В 2010 г. вышел первый том «Рязанской Книги памяти Великой войны 1914–1918 гг.»[22] и «Указатели»[23] к нему. Это было первое подобное издание в нашей стране. Через два года были опубликованы второй том[24], а также «Дополнения к I тому»[25] и «Указатели»[26]. Составители проделали гигантскую работу по выявлению и систематизации выявленного разнохарактерного материала. Общий объем этих публикаций составляет 3850 страниц (!) и включает в себя сведения по десяткам тысячам участникам Первой мировой войны.
В 2014 г. рабочая группа под руководством А. И. Григорова осуществляет еще несколько подобных изданий. В свет выходит первый том «Воронежской Книги памяти Великой войны 1914–1918 гг.»[27], «Приложения» к нему[28] и «Указатели»[29], общим объемом 2728 (!) страниц; «Крымская книга памяти Великой войны 1914–1918 годов» том первый и «Приложения»[30]; «Книга памяти «Черноморский флот в Великой войне 1914–1918 годов»»[31]; «Костромское ополчение в Великой войне 1914–1918 годов»[32]. К сожалению, все издания вышли сверхминимальными тиражами и, в силу этого, малодоступны исследователям. К 100-летию начала Первой мировой войны была опубликована «Книга памяти нижегородцев – нижних чинов российской армии и флота, убитых, умерших, пропавших без вести в годы Первой мировой войны»[33].

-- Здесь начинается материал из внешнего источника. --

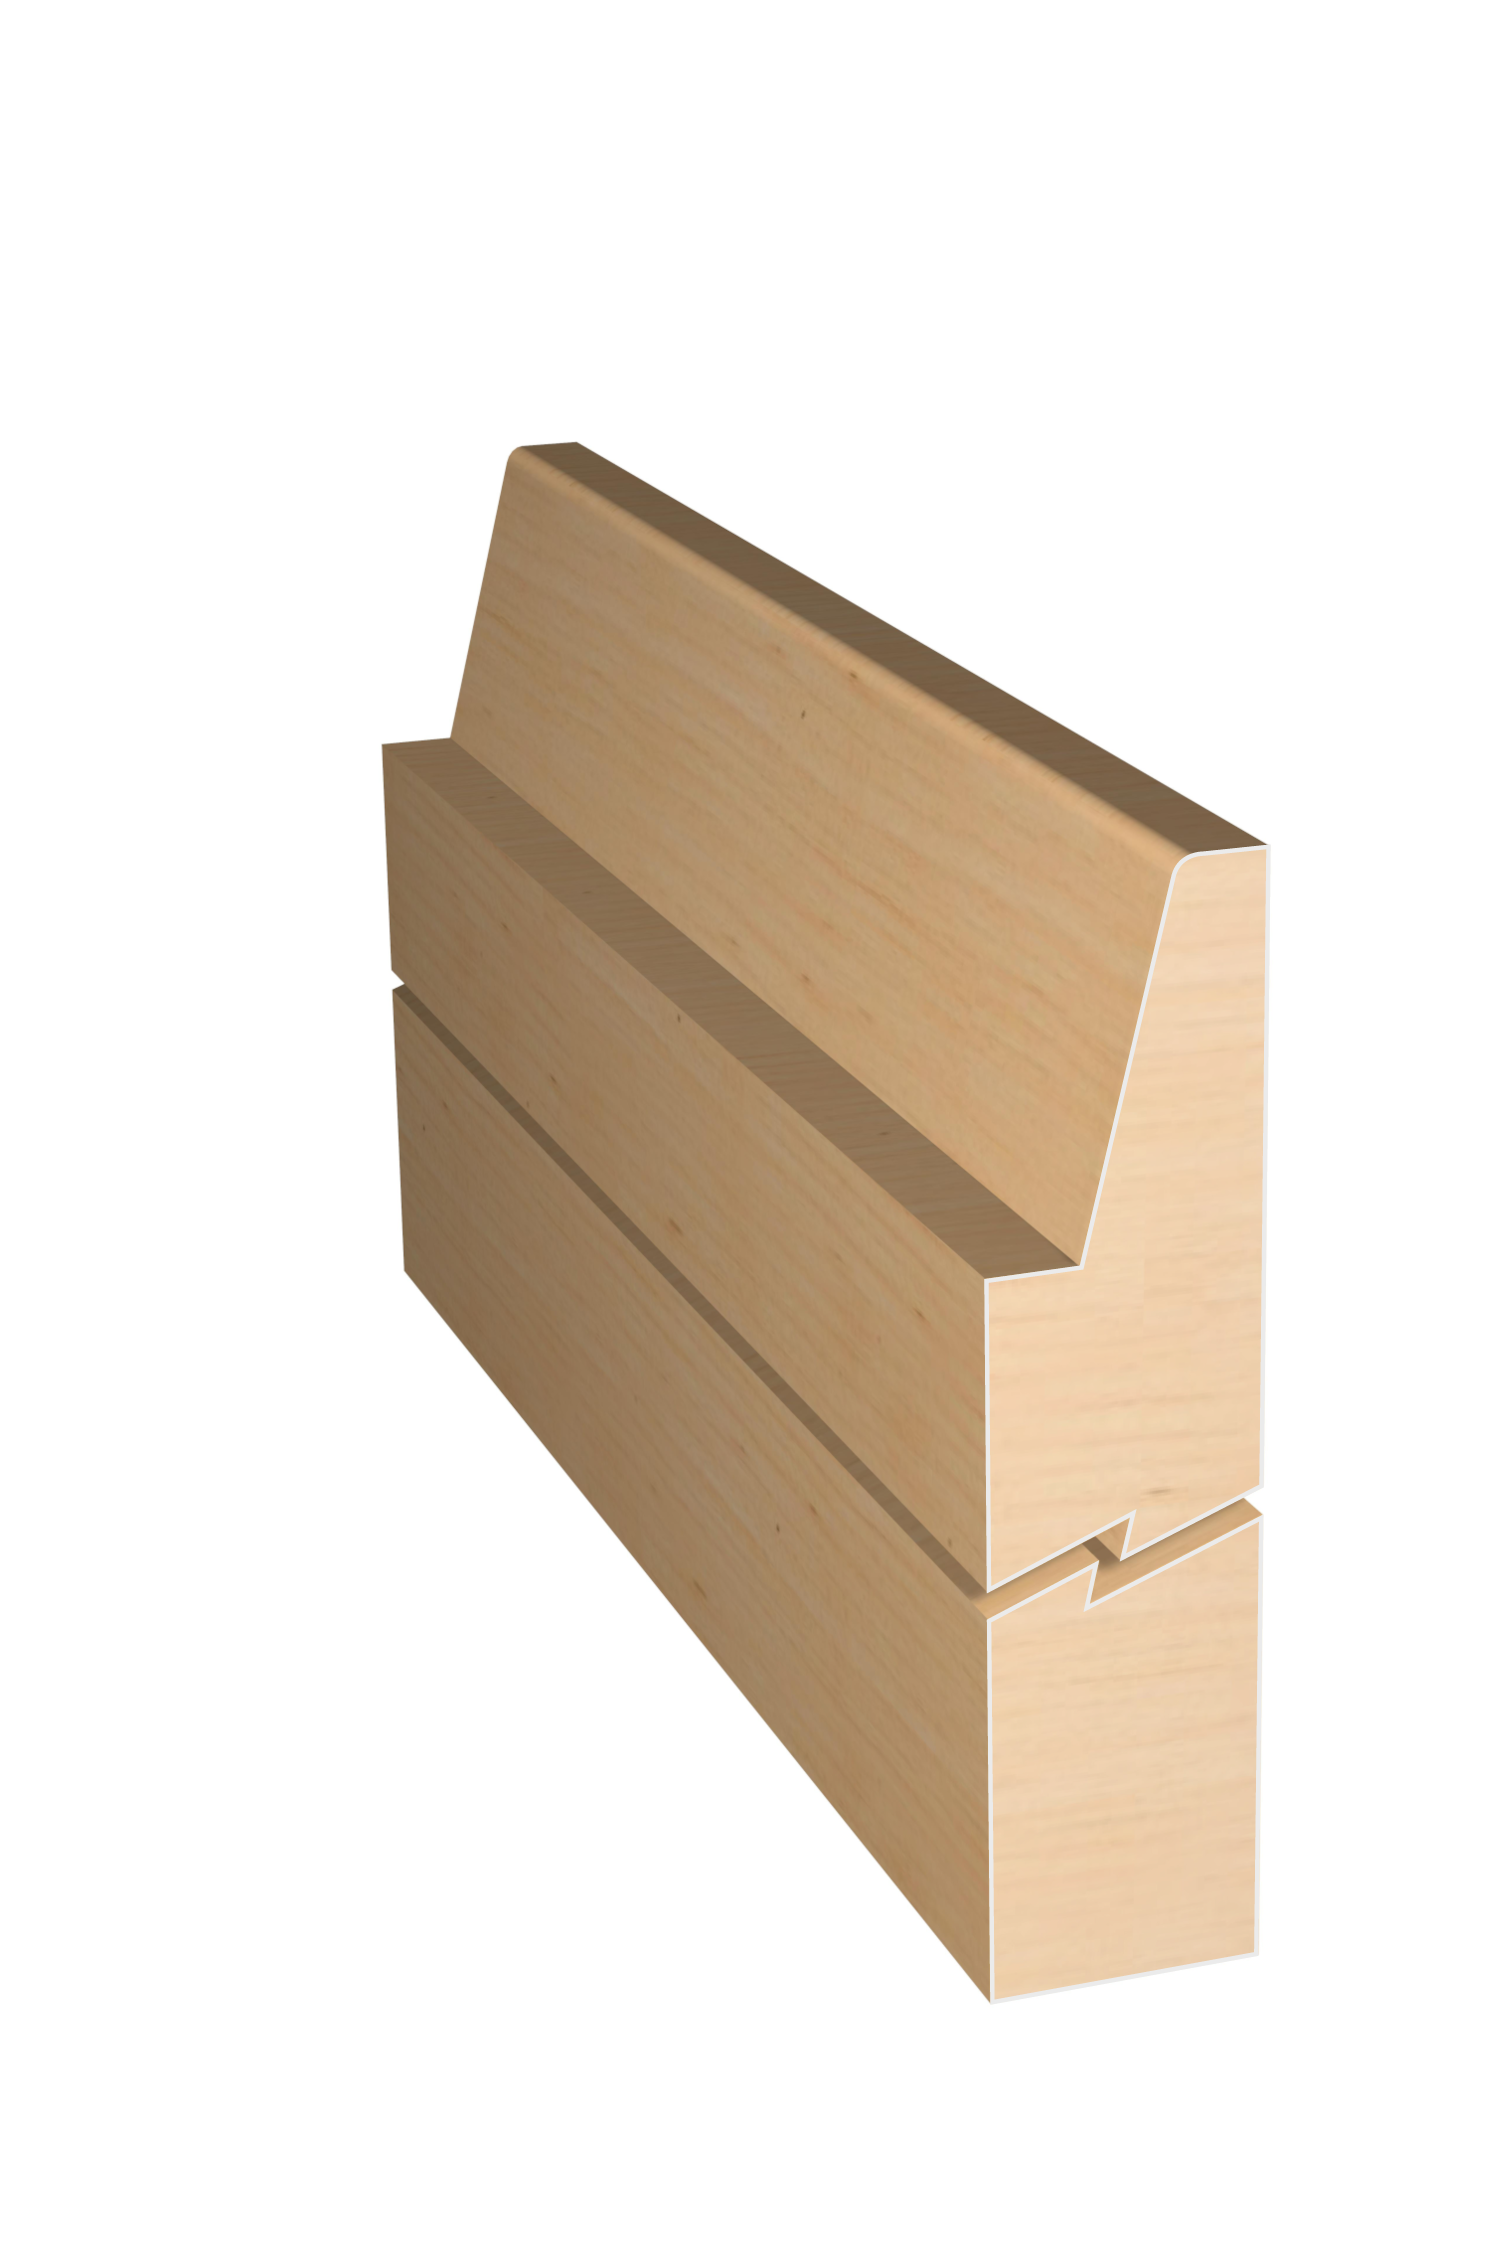 Three dimensional rendering of custom edge profile wood molding SKPL30 made by Public Lumber Company in Detroit.

Данные по безвозвратным потерям нижних чинов российской императорской армии и флота, представленные в перечисленных выше работах несколько отличаются. Это ни в коей мере не говорит о каком-либо упущении составителей, а характеризует состояние архивного материала, как в провинциальных, так и центральных архивах нашей страны. Они включают в себя как архивный, так и опубликованный материал и составлены по территориальному принципу. В частях Воронежской книгах памяти, посвященных отдельным воинским соединениям, приведены сведения не только по указанным губерниям, а по всем выявленным служащим этих соединений. Таким образом, территориальный принцип в ней расширен до всей Российской империи. Данные раздела «Потери нижних чинов – уроженцев Воронежской губернии по «Именным спискам убитым, раненым и без вести пропавшим солдатам» опубликованным в центральной прессе Российской империи в 1914–1918 гг.» дублируются в «Разделы частные» и составлены по архивным материалом из фондов ГАВО, в которых материал разбит поуездно. Об этой особенности структурной компановки материала пишет С.В. Волков во «Вступительном слове» к первому тому Воронежской книги памяти[34]. В отличии от Воронежской Нижегородская книга памяти составлена строго по территориальному и алфавитному принципам. Именные списки приводятся по административно-территориальному делению Нижегородской губернии на 1914 г., которая включала в себя одиннадцать уезд. Помимо уездов составители отдельно выделили раздел «Нижегородская губерния», в который вошли имена тех, в записях которых отсутствуют сведения об уездах и населенных пунктах, но они представлены в документах как уроженцы Нижегородской губернии или проживавшие в ней на момент их призыва в действующую армию. Исключение составляет лишь, помещенный в конце издания «Именных списков кавалеров Георгиевских крестов и медалей»[35]. Приведенные сведения, как указывают составители, далеко неполные и, возможно, не всегда точные, но так они представлены в сохранившихся документах и публикациях.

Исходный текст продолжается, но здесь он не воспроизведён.